We aimed to improve the use of the human intestinal Caco-2 cell line for studying dietary lipid and cholesterol processing by using isolated pure clones (Chantret et al. 1994). Three clones (TC7, PD7 and PF11) were grown as monolayers on semi-permeable filters and compared for cell viability, fatty acid and cholesterol apical uptake or basolateral secretion, apolipoprotein B-48 basolateral secretion and 3-hydroxy-3-methylglutaryl (HMG)-CoA reductase activity. The TC7 clone showed the best viability upon apical incubation with mixed micelles and should be preferred for routine work. Short-term (3.0 h) rates of apical uptake of cholesterol were not different with the three clones, whereas the rate of apical uptake of oleic acid (18:1) was lower (P<0.05) with PF11 (250.6 nmol/mg) and the basolateral secretion of cholesterol and oleic acid was lower with the TC7 clone (0.40 and 29.1 nmol/mg respectively). The secretion of apolipoprotein B-48 basolaterally was about 2-fold lower than from PD7 clone. The basal levels of HMG-CoA reductase activity were significantly different (P<0.05; TC7>PF11 >PD7). The down-regulation of the enzyme activity was moderate (range 13.8-21.0%) and comparable in the presence of apical micellar cholesterol, but was much marked upon basolateral incubation with LDL (range 34.0-53.6%), especially for the PD7 clone. In conclusion, the Caco-2 clones characterized here proved to be particularly suitable for studying lipid nutrients processing. Because these three clones exhibit some different metabolic capabilities, they provide a new tool to study intestinal response to lipid nutrients.

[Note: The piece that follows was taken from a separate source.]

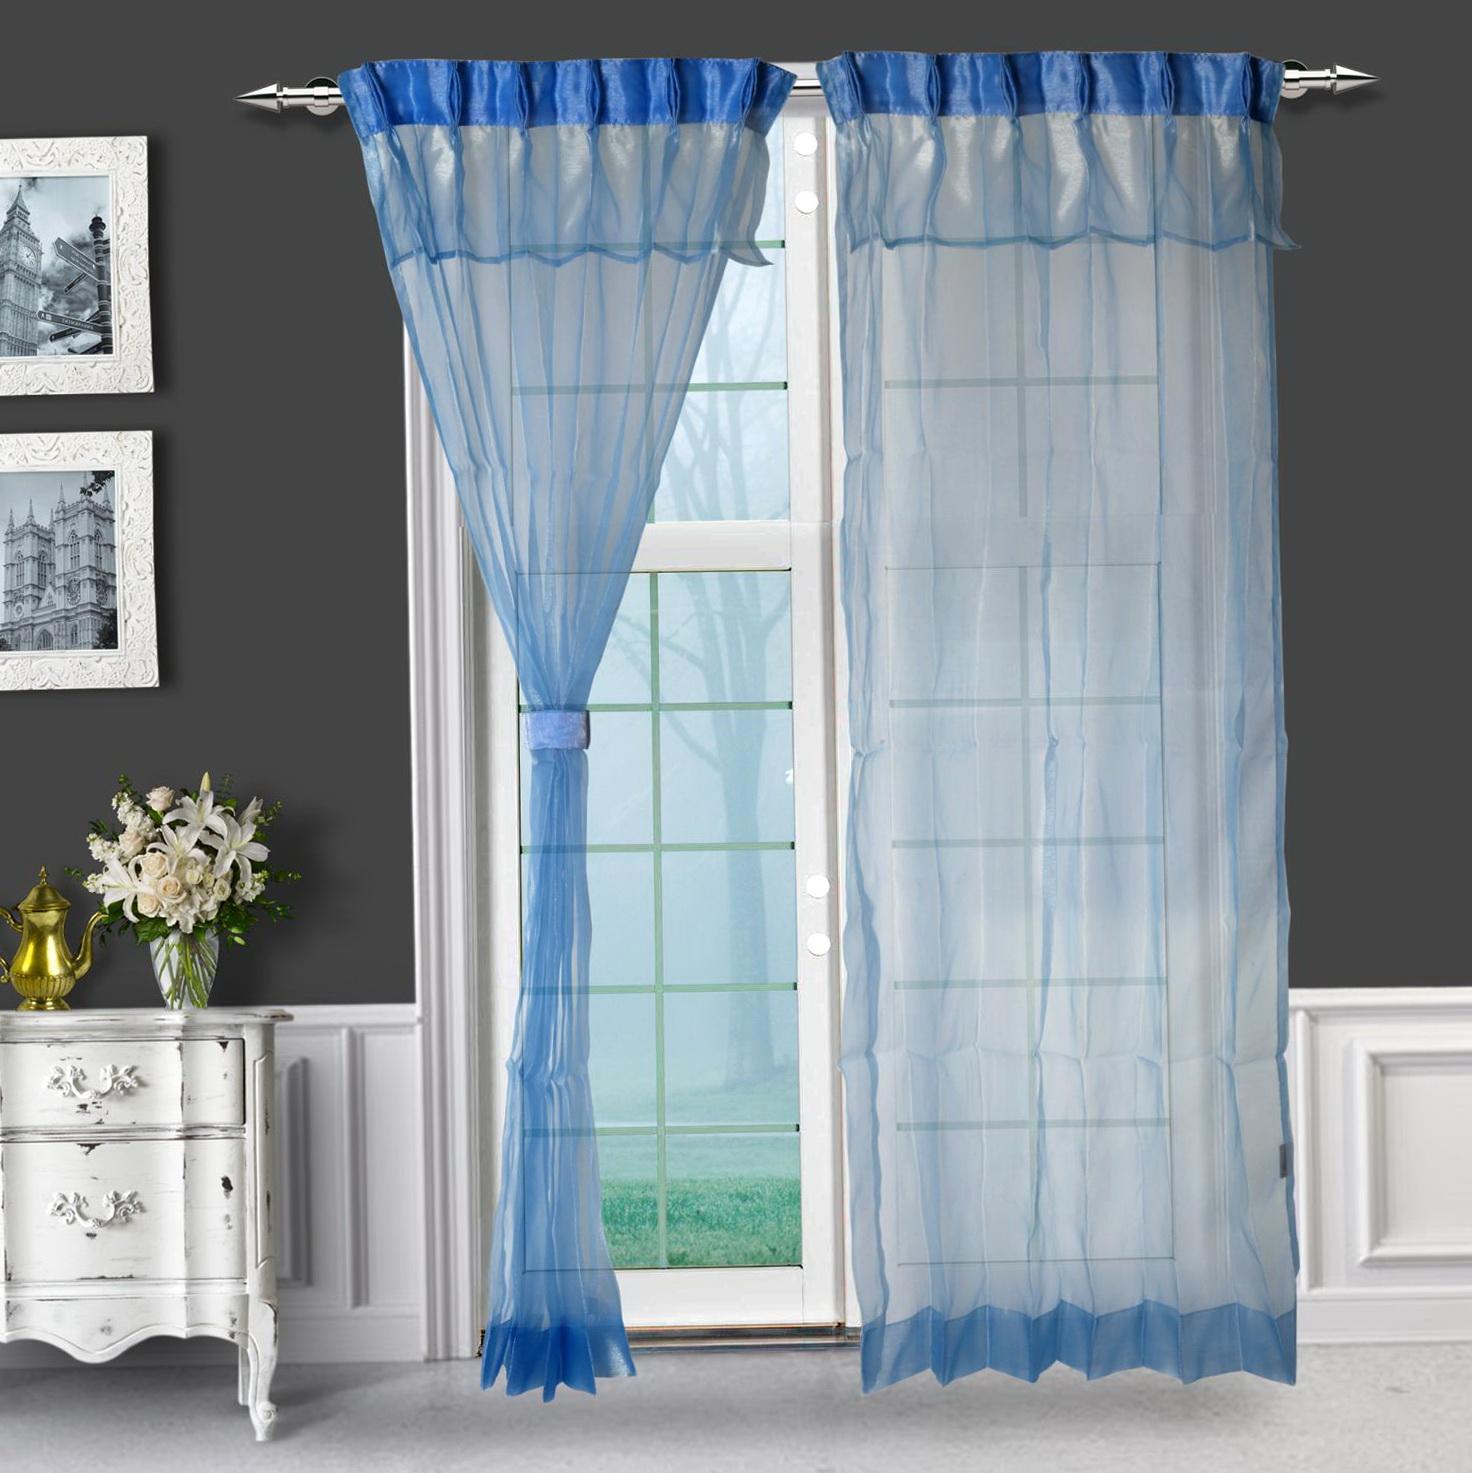 Buy Curtains Online Nz Home Design Ideas

Biliary anionic peptide fraction and apoA-I regulate intestinal cholesterol uptake.

Evidence is now in favor of protein-facilitated mechanisms for the intestinal cholesterol absorption. Here we report that the unesterified cholesterol uptake by rat jejunal brush border membrane vesicles (BBMVs) is efficient, saturable, and protein-mediated. The human apolipoproteins biliary anionic peptide factor (APF) and A-I (apoA-I) up-regulate micellar cholesterol uptake in a dose-dependent manner, but for all tested concentrations (0.1-20 microM), the lipid-free APF was more efficient than apoA-I. This uptake stimulation was suppressed after addition of Pabs directed to the external lipid-binding domain of the CLA-1/SR-BI and reduced by Pabs directed to the external loop of CD36. Thus, CLA-1/SR-BI and to a lesser extent CD36 are involved in the regulation of intestinal cholesterol uptake. APF, the main protein bound to biliary lipids, is likely one of their physiological effectors. As APF is an unesterified cholesterol carrier, it could facilitate the intestinal absorption of biliary cholesterol.